Remarkably, the maker’s mark on these Pakistani-made tools will often say “Made in Germany.” As explained by Poling:
“Under EU law, the instruments made in these backstreets can be stamped with another country’s name so long as that country helps substantially transform the product. So, as the forged steel they’re working with here comes from Germany, the whole thing can be stamped ‘Made in Germany,’ and German instruments sell for much more than those stamped ‘Made in Pakistan.’”
Making matters worse, British suppliers rarely conduct quality inspections of their Pakistani manufacturers’ facilities. Part of the problem is the constant risk of terror attacks in Pakistan. It’s a dangerous area, and carrying out inspections in person is risky. Poling also found evidence suggesting the Pakistani surgical tool industry may be using child labor.

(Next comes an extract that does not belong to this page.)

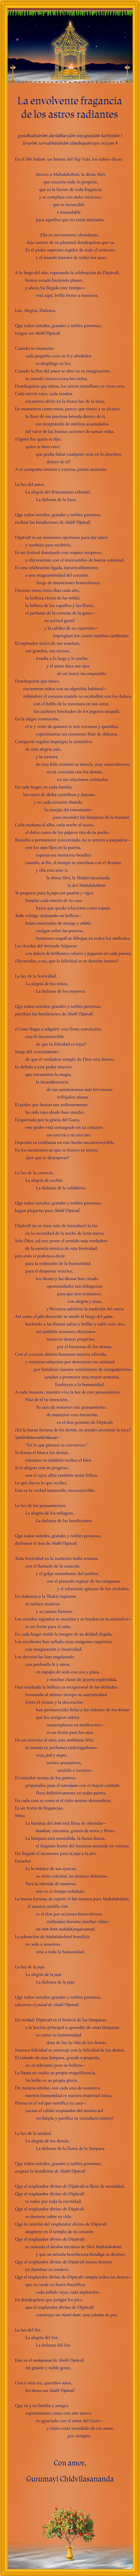 Spanish Poem

The MHRA declined meeting with Poling, but provided her with a statement saying they have “no evidence that non-compliant instruments are being supplied to the NHS.” Meanwhile, Brophy inspected the 19 instrument samples collected by Poling during her Pakistani trip, where she visited over 100 different instrument manufacturing facilities. Twelve of the 19 samples failed his inspection.
Poling even unearthed illegal activities during her investigation. While legal loopholes allow for a Pakistani manufacturer to label his goods as “Made in Germany” if the steel used is from Germany, it is illegal to use Pakistani or French steel, for example, and mark it as being German-made.
Undercover footage, in which she poses as a supplier of surgical instruments, shows two U.K. representatives of Regal Medical Instruments offering to sell her tools made with Pakistani steel stamped “Made in Germany,” so that she would then be able to resell them at an inflated price. According to the Pakistani representatives, they are already selling mid-priced French steel instruments to suppliers that bear the German mark, per the suppliers’ requests.
Non-Disposable Equipment Also Carries Contamination Risks
As discussed in my interview with Dr. David Lewis, a retired microbiologist with the Environmental Protection Agency (EPA) last year, non-disposable tools such as flexible sigmoidoscopes and colonoscopies are also risky for the patient. Since they must be reused, these tools require cleaning and sterilization before each use, both inside and out. However, testing reveals that this is virtually impossible, and the disinfection process used by most clinics and hospitals fails to properly clean and sterilize these tools.
As a result, patients take great chances when these tools are used on them, as they can spread all manner of infections from one patient to another. There is a solution: create flexible scopes that can be autoclaved (heat sterilized). But manufacturers have not been pressured to come up with such a design. As noted by Lewis, it really boils down to federal agencies failing to take the contamination issue seriously enough.
If you’re having a colonoscopy done, or any other procedure where a flexible endoscope will be used, be sure to ask how it is cleaned, and which cleaning agent is being used.
- If the hospital or clinic uses peracetic acid, your likelihood of contracting an infection from a previous patient is very slim.
- If the answer is glutaraldehyde, or the brand name Cidex (which is what 80 percent of clinics use), cancel your appointment and go elsewhere.
Asking what they use to clean the scope is a key question that could save your life. It’s important that we all start to do this because the FDA simply does not have the incentive to take action on it.
However, once enough people refuse to have these procedures done with glutaraldehyde-sterilized instruments, then clinics and hospitals will change, even if the FDA does nothing. It’s also crucial that health care professionals who are reading this start addressing the issue from the inside. You really need to be aware of this issue, and how it’s placing patients at risk.
As for flawed surgical tools, there’s very little you as a patient can do about it. Ideally, hospitals everywhere would hire someone to carefully inspect all surgical tools prior to use. In all, Poling’s report reveals there is much room for improvement in this industry, if we are to place patient welfare first.